Scan results should contain the input parameters, because the
transmission parameters can change any time (not included in any
official frequency sheet of the provider) and because some parameters
vary slightly with environmental influences (e.g. DVB-S frequency - i've
heard of that a lot and there's code to handle it in dvb_frontend.c, but
is it actually true?) and some might be read back too imprecisely to be
usable with a different chipset (e.g. symbol rate).

> If you specify an explicit value incorrectly (not auto) and it still
> works, that is a driver bug which should be fixed.

It's not possible to manually specify every single parameter or every
combination of parameters (i.e. some AUTO, some not) with all devices.

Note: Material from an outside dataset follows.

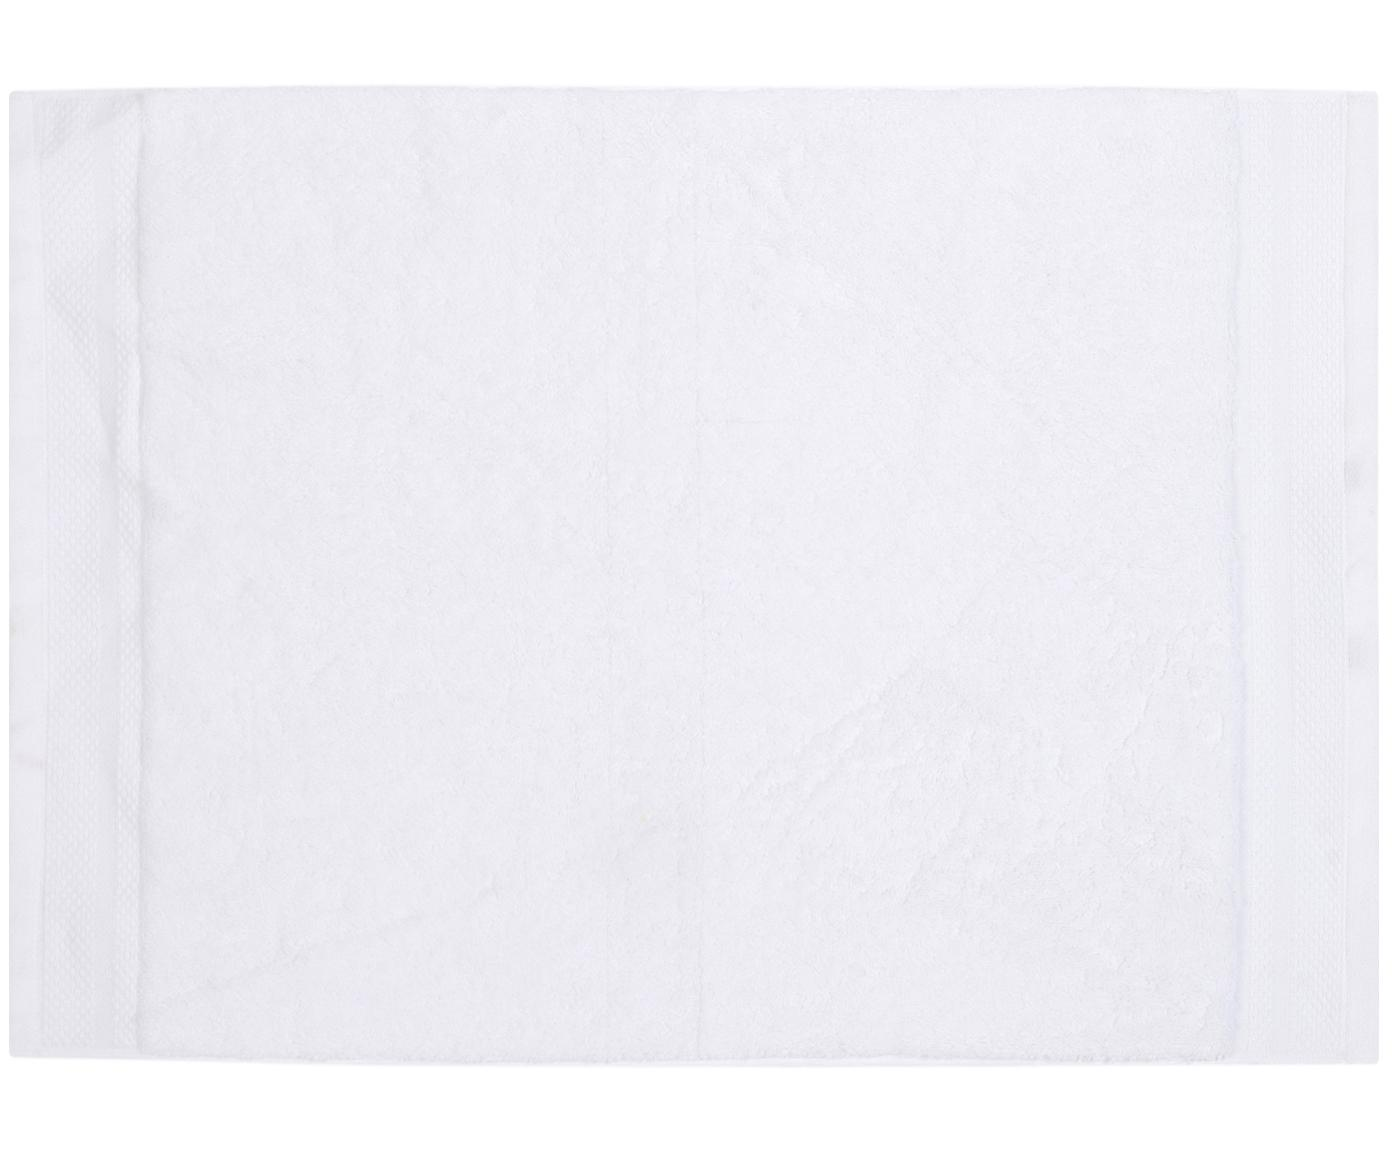 Badmat Premium, 100% katoen, zware kwaliteit, 600 g/m², Wit, 50 x 70 cm

If you want to catch this, you'd have to compare the data read back to
the data from userspace to clear the lock status on mismatch, even if a
valid TS is being received. This would be worse, in my opinion. How much
tolerance would you allow for parameters that aren't enums, e.g.
frequency and symbol rate?

Albeit, DVB-SI data isn't perfect and misconfiguration at the
transmitter happens (e.g. wrong FEC values), especially where most of
the parameters are signaled in-band (e.g. TPS for DVB-T). It's a better
user experience if the reception continues to work, even if the user
didn't specify AUTO.

I'd rather understand non-AUTO parameters that way: "Try these first,
but if you want and if you can, you're free to try other parameters."

After all, most of the users tune to a mux in order to acquire a lock
and not to prove that there's no signal.